There are very few excesses of public expenses that do not have one or more politically active private sector businesses at the other end of the equation. We blame the government for being taken without ever blaming the thieves who profited from the outcome.


----------



## Anderson (Jul 15, 2012)

Another point , if I may: Correlation and causation are two different things here. I would note a reasonable correlation between states with major, serious public sector passenger rail initiatives and those with major budget problems (MI, IL, NY, CA, etc.) The wacky exceptions at the moment are VA and NC. FL doesn't qualify because AAF is more or less private sector.

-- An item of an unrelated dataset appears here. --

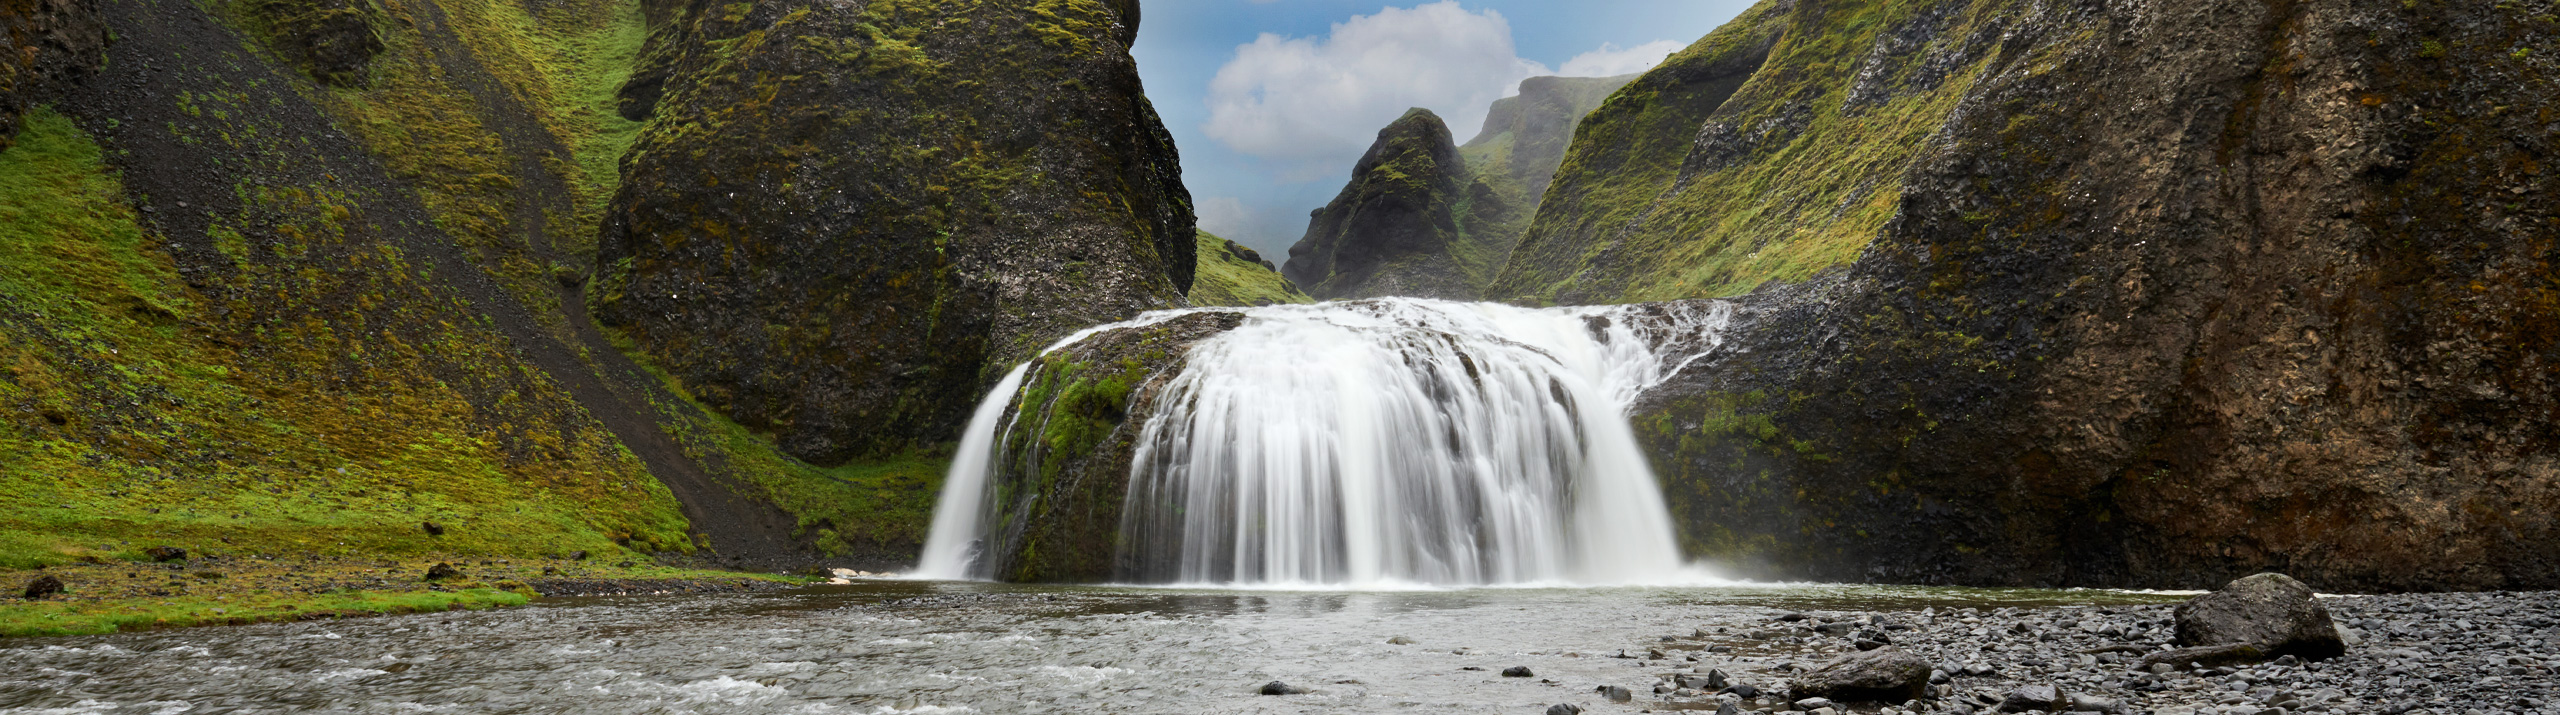 Stjórnarfoss vandfaldet - vandfald i Island- vandfald i Island

The point is that regardless of whether there is a causal link here, there is definitely some degree of correlation, and that _is_ a likely political problem...particularly if the biggest program gets hitched to a state to go bust (i.e. CA).


----------



## George Harris (Jul 31, 2012)

Texas Sunset said:


> There are very few excesses of public expenses that do not have one or more politically active private sector businesses at the other end of the equation. We blame the government for being taken without ever blaming the thieves who profited from the outcome.


Examples, please.


----------



## Trogdor (Aug 1, 2012)

George Harris said:


> Texas Sunset said:
> 
> 
> > There are very few excesses of public expenses that do not have one or more politically active private sector businesses at the other end of the equation. We blame the government for being taken without ever blaming the thieves who profited from the outcome.
> ...


The entire military-industrial complex, for one.


----------



## DET63 (Aug 10, 2012)

Texas Sunset said:


> afigg said:
> 
> 
> > The primary cause of the financial crisis and economic problems in Spain was the private sector - a housing bubble with significant overbuilding of residences and office buildings. The government has been running up debt to shore up the banks and the economy. While there were excesses in the public sector construction with construction of too many airports that are now white elephants, Spain's public sector debt was among the lowest of the major European economies when the US financial crash spread world wide in 2008.
> ...


In the case of the Bay Bridge, total BS. Mayors of Oakland and San Francisco (Jerry--now Governor--in Oakland; Willie in SF) argued about the design of the thing, with certain parties arguing for a "signature" span--totally irrelevant to its function, and totally apart from profits for the contractors.


----------